Builds an anchor generator based on the config.

Parameters:anchor_generator_config – An anchor_generator.proto object containing the config for the desired anchor generator.
Returns:Anchor generator based on the config.
Raises:ValueError – On empty anchor generator proto.

easy_vision.python.builders.backbone_builder

easy_vision.python.builders.backbone_builder.build(backbone_config_or_name, is_training=False, **kwargs)[source]
input:
backbone_config_or_name a config object or backbone name is_training: tell backbone to build training graph or predict graph
output: return the corresponding backbone instance based on backbone_config
currently only resnet_v1 is added in ResnetBackbone
easy_vision.python.builders.backbone_builder.build_block(block_config, is_training=False)[source]
Parameters:
  • block_config – type of protos.Block
  • is_training – training mode or not
Returns:

the correspoding block instance, such as ResnetBlock()

easy_vision.python.builders.backbone_builder.build_with_config(backbone_config, is_training=False)[source]
input:
backbone_config is_training: tell backbone to build training graph or predict graph
output: return the corresponding backbone instance based on backbone_config
currently only resnet_v1 is added in ResnetBackbone

easy_vision.python.builders.box_coder_builder

A function to build an object detection box coder from configuration.

easy_vision.python.builders.box_coder_builder.build(box_coder_config)[source]

Builds a box coder object based on the box coder config.

Parameters:box_coder_config – A box_coder.proto object containing the config for the desired box coder.
Returns:BoxCoder based on the config.
Raises:ValueError – On empty box coder proto.

easy_vision.python.builders.box_predictor_builder

Function to build box predictor from configuration.

class easy_vision.python.builders.box_predictor_builder.BoxEncodingsClipRange(min, max)

Bases: tuple

max

Alias for field number 1

min

Alias for field number 0

easy_vision.python.builders.box_predictor_builder.build(argscope_fn, box_predictor_config, is_training, num_classes, add_background_class=True)[source]

Builds box predictor based on the configuration.

Builds box predictor based on the configuration. See box_predictor.proto for configurable options. Also, see box_predictor.py for more details.

Parameters:
  • argscope_fn
    A function that takes the following inputs:
    • hyperparams_pb2.Hyperparams proto
    • a boolean indicating if the model is in training mode.

    and returns a tf slim argscope for Conv and FC hyperparameters.

  • box_predictor_config – box_predictor_pb2.BoxPredictor proto containing configuration.
  • is_training – Whether the models is in training mode.
  • num_classes – Number of classes to predict.
  • add_background_class – Whether to add an implicit background class.
Returns:

box_predictor.BoxPredictor object.

Return type:

box_predictor

Raises:

ValueError – On unknown box predictor.

easy_vision.python.builders.box_predictor_builder.build_convolutional_3d_box_predictor(is_training, num_classes, conv_hyperparams_fn, min_depth, max_depth, num_layers_before_predictor, dropout_keep_prob, kernel_size, box_code_size, add_background_class=True, class_prediction_bias_init=0.0, use_depthwise=False)[source]

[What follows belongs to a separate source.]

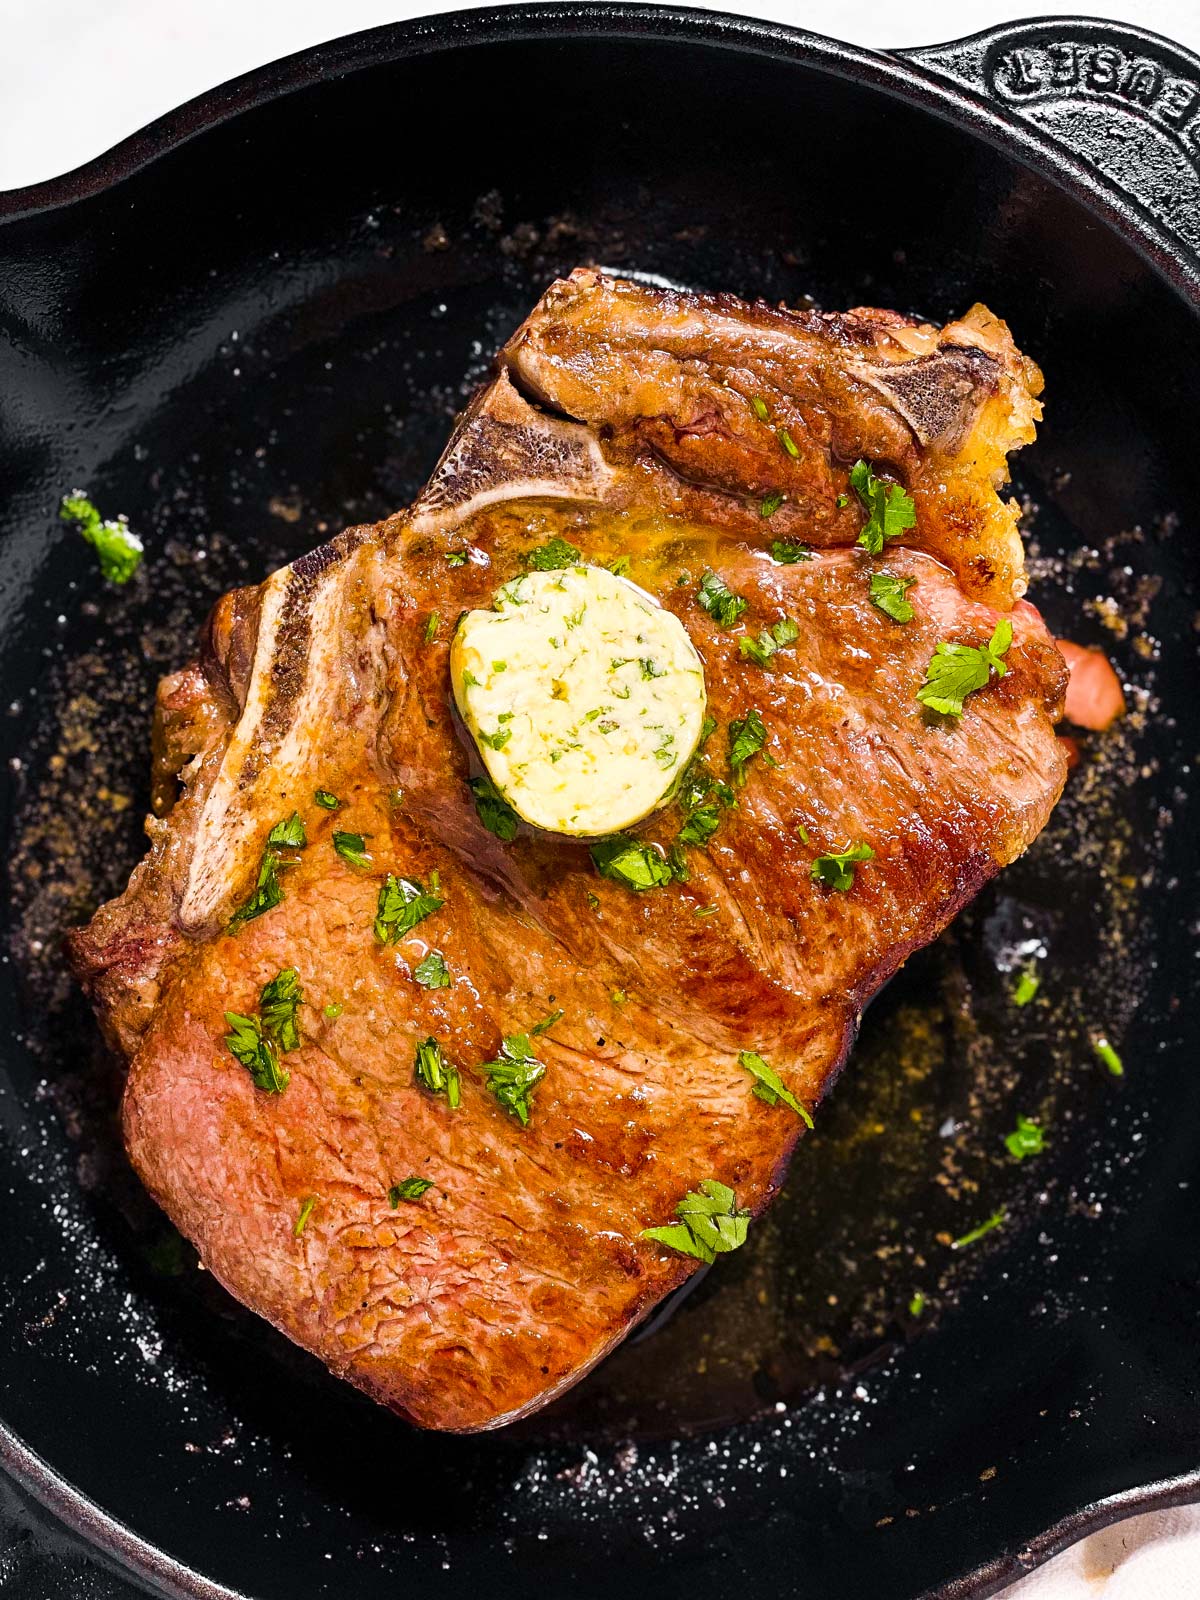 https://www.savorynothings.com/wp-content/uploads/2022/01/oven-baked-steak-recipe-image-3.jpg

Builds the ConvolutionalBoxPredictor from the arguments.

Parameters:
  • is_training – Indicates whether the BoxPredictor is in training mode.
  • num_classes – number of classes. Note that num_classes does not include the background category, so if groundtruth labels take values in {0, 1, .., K-1}, num_classes=K (and not K+1, even though the assigned classification targets can range from {0,… K}).
  • conv_hyperparams_fn – A function to generate tf-slim arg_scope with hyperparameters for convolution ops.
  • min_depth – Minimum feature depth prior to predicting box encodings and class predictions.
  • max_depth – Maximum feature depth prior to predicting box encodings and class predictions. If max_depth is set to 0, no additional feature map will be inserted before location and class predictions.
  • num_layers_before_predictor – Number of the additional conv layers before the predictor.
  • dropout_keep_prob – Keep probability for dropout.
  • kernel_size – Size of final convolution kernel. If the spatial resolution of the feature map is smaller than the kernel size, then the kernel size is automatically set to be min(feature_width, feature_height).
  • box_code_size – Size of encoding for each box.
  • add_background_class – Whether to add an implicit background class.
  • class_prediction_bias_init – Constant value to initialize bias of the last conv2d layer before class prediction.
  • use_depthwise – Whether to use depthwise convolutions for prediction steps. Default is False.
Returns:

A ConvolutionalBoxPredictor class.

easy_vision.python.builders.box_predictor_builder.build_convolutional_box_predictor(is_training, num_classes, conv_hyperparams_fn, min_depth, max_depth, num_layers_before_predictor, dropout_keep_prob, kernel_size, box_code_size, add_background_class=True, class_prediction_bias_init=0.0, use_depthwise=False)[source]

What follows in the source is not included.